_DATASET SECTION_:
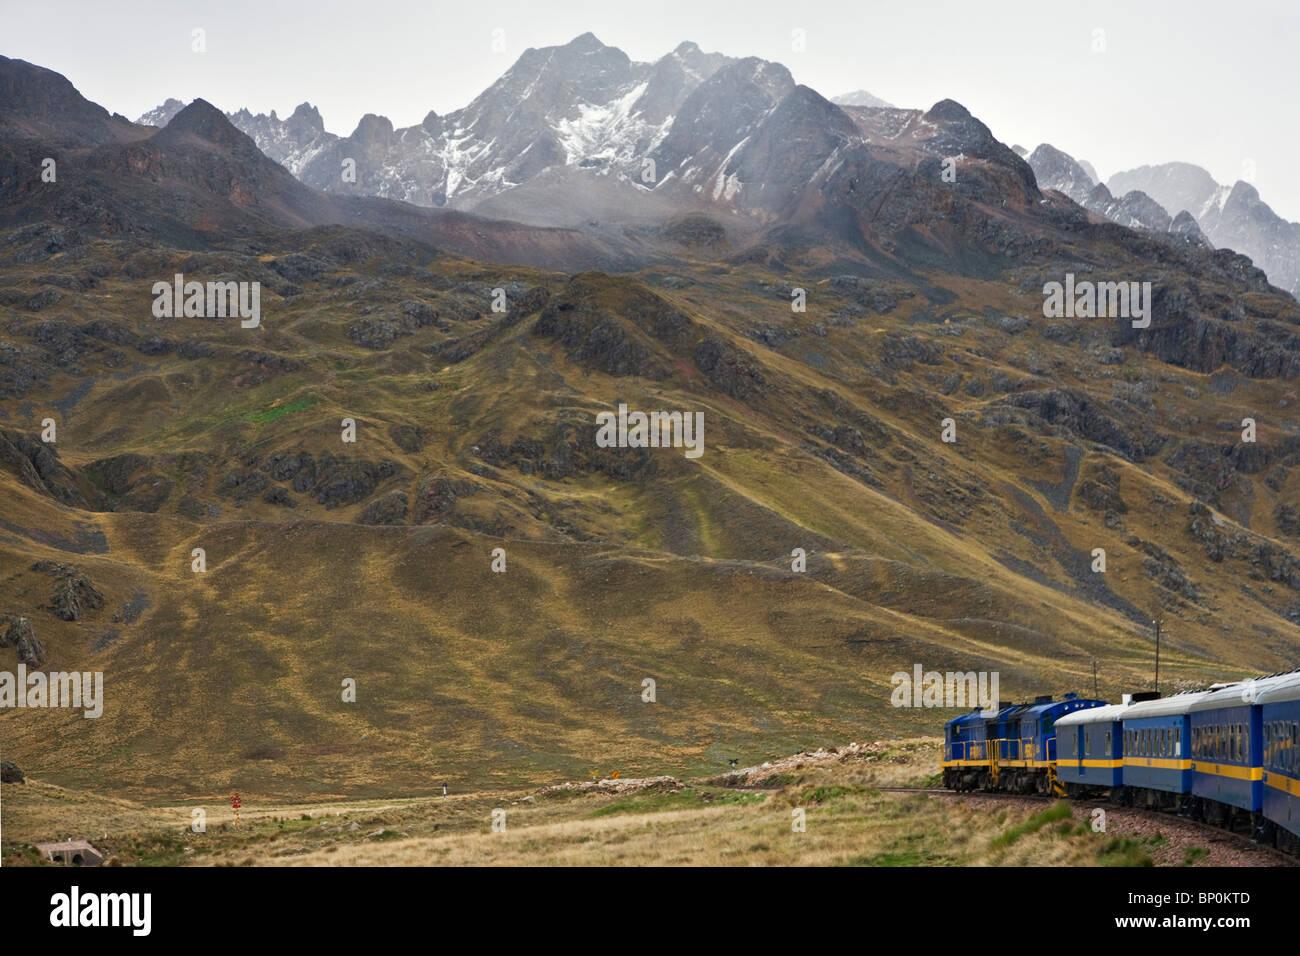 Perú, el paisaje de las altas montañas de los Andes desde la comodidad de la Andean Explorer Express tren Imagen De Stock
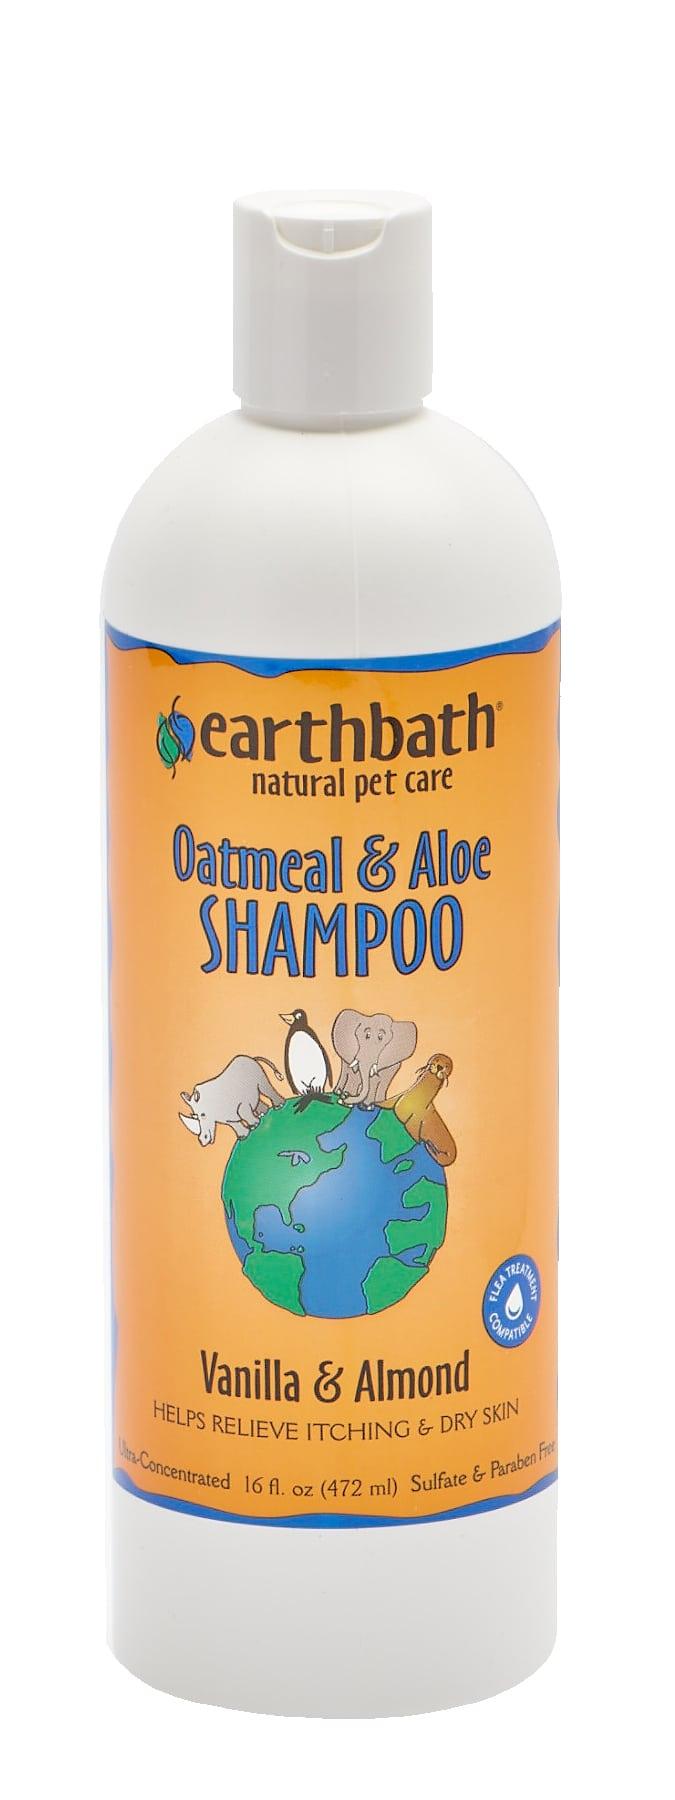 Oatmeal & Aloe Shampoo Pet shampoo, Aloe, Cat shampoo
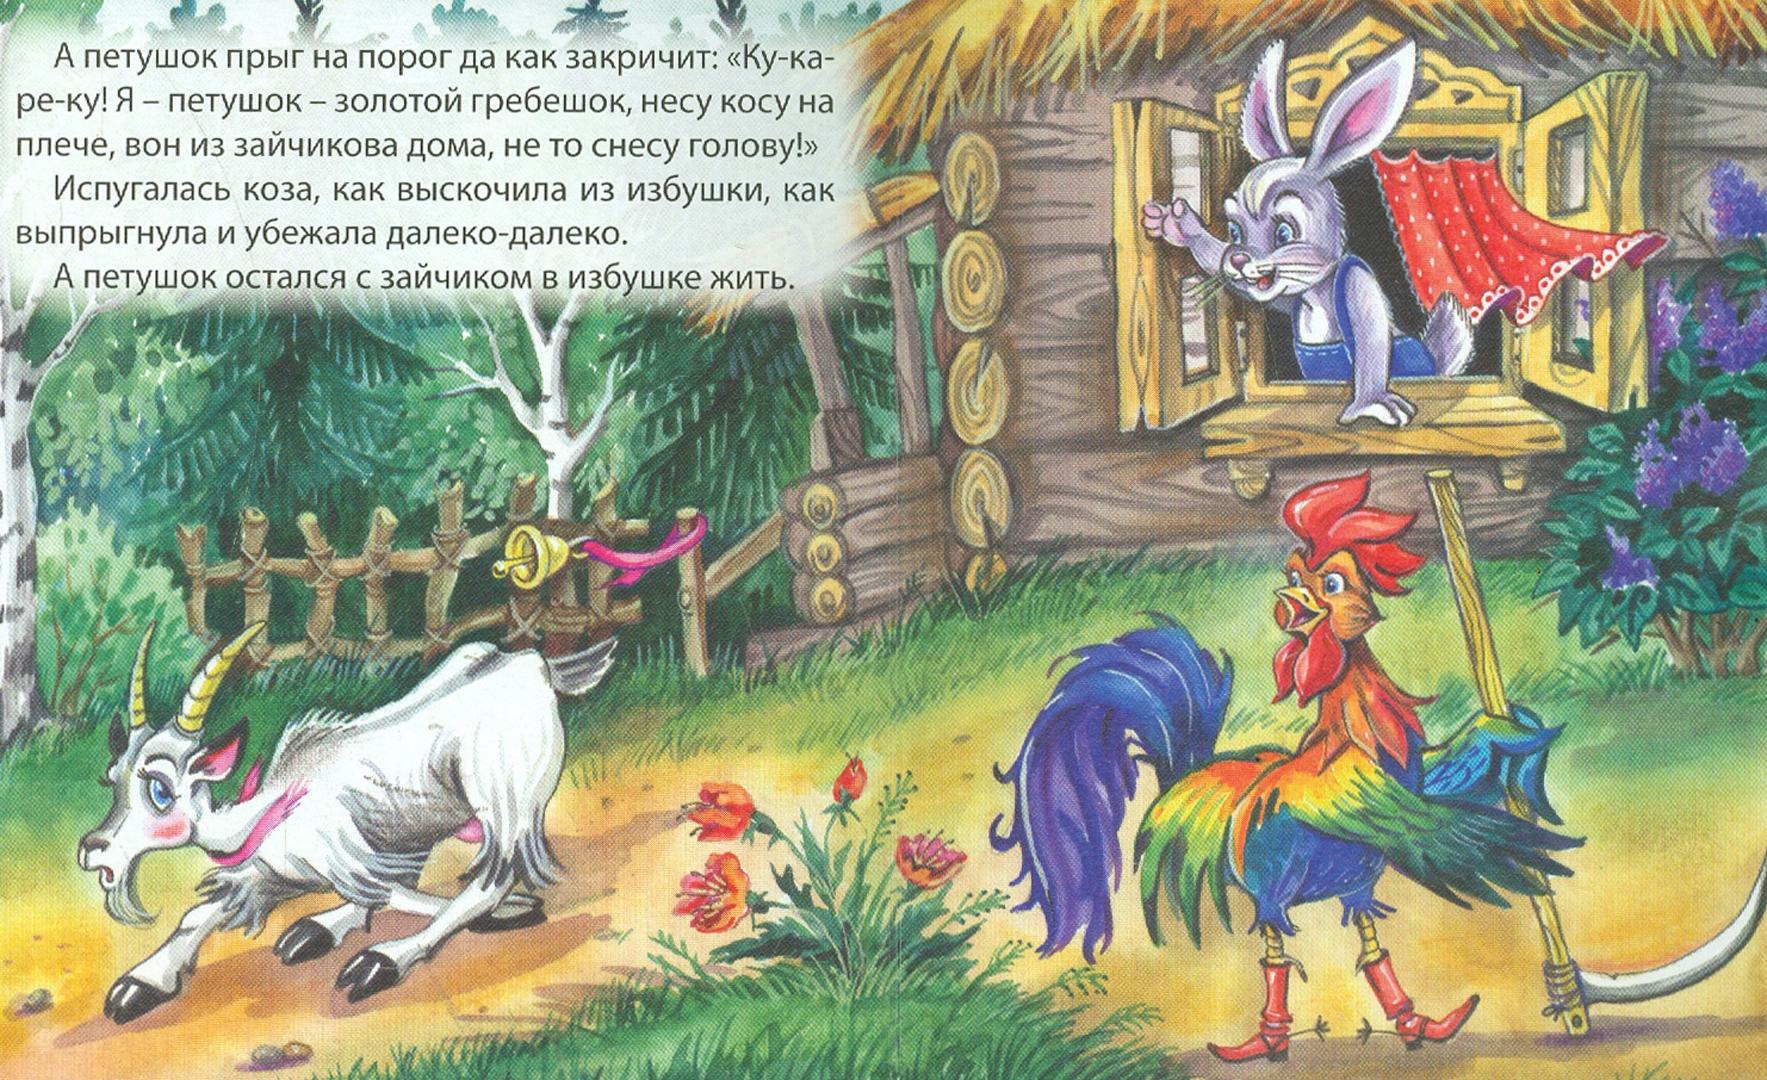 Сказка про козленка в картинках
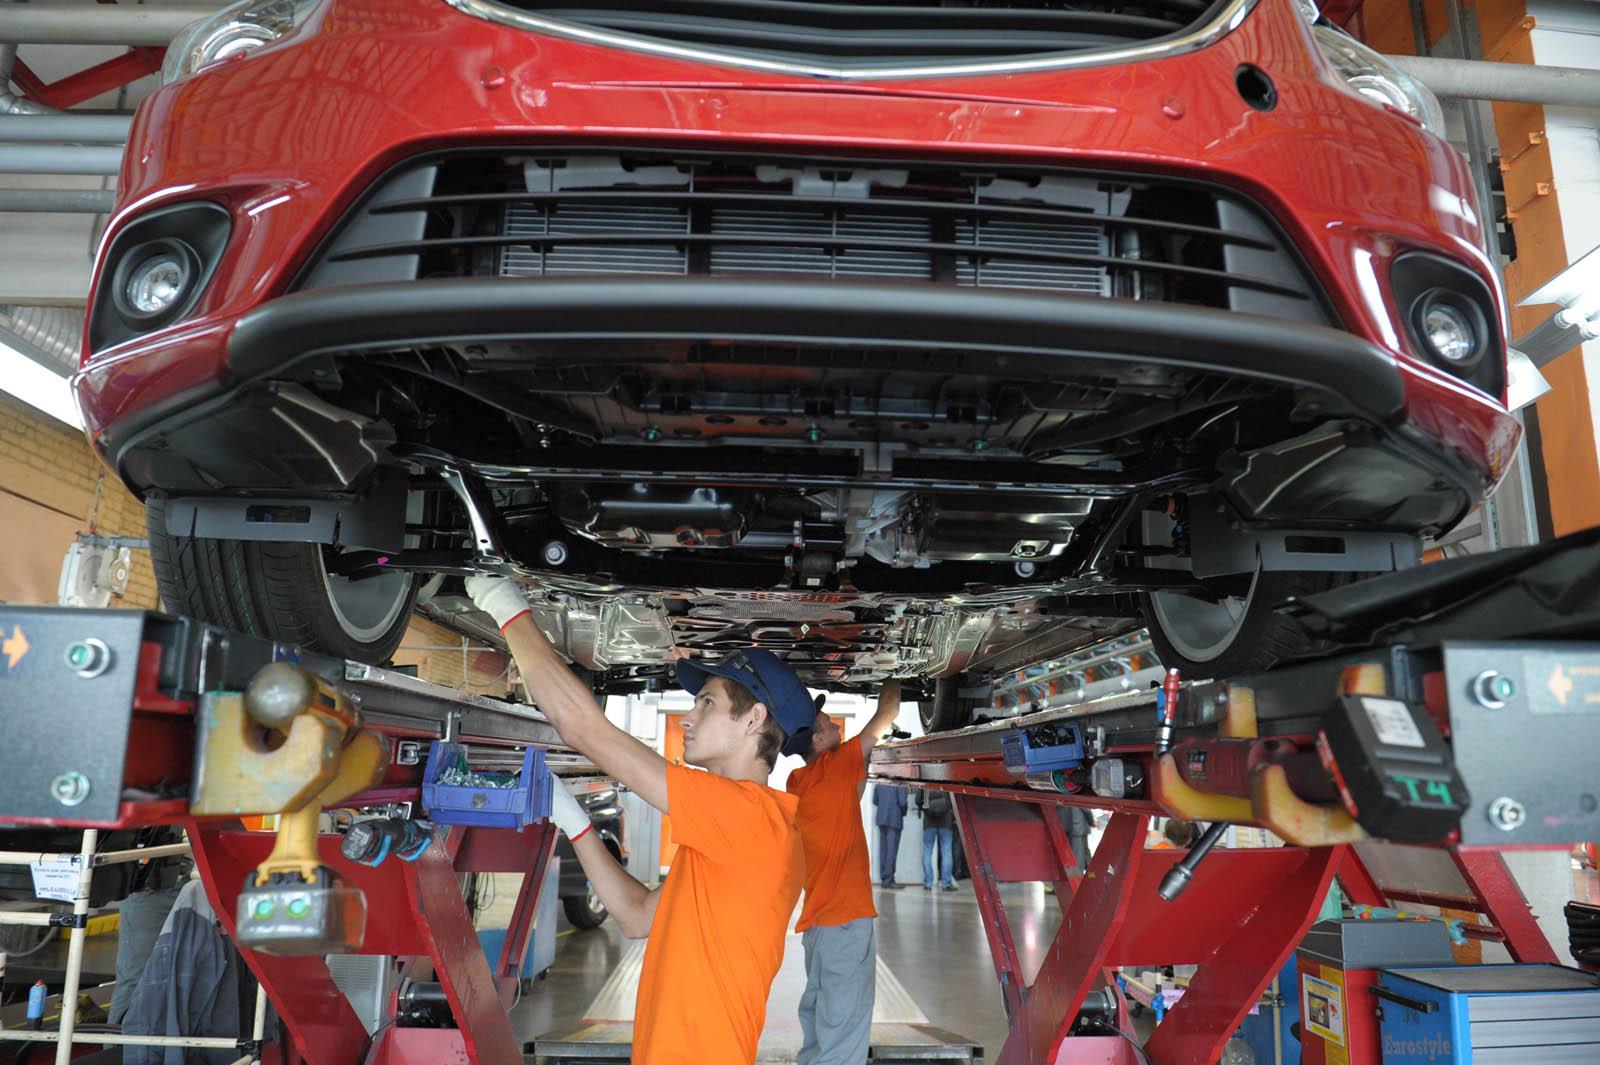 Выпуск автомобилей в 2015 году может возрасти на 1,5% - журнал За рулем

_TASK DIRECTIONS_:
All of the material above is to be retyped verbatim, with its pictures omitted.

_TASK OUTPUT_:
 Perú, el paisaje de las altas montañas de los Andes desde la comodidad de la Andean Explorer Express tren Imagen De Stock
 Oatmeal & Aloe Shampoo Pet shampoo, Aloe, Cat shampoo
 Сказка про козленка в картинках
 Выпуск автомобилей в 2015 году может возрасти на 1,5% - журнал За рулем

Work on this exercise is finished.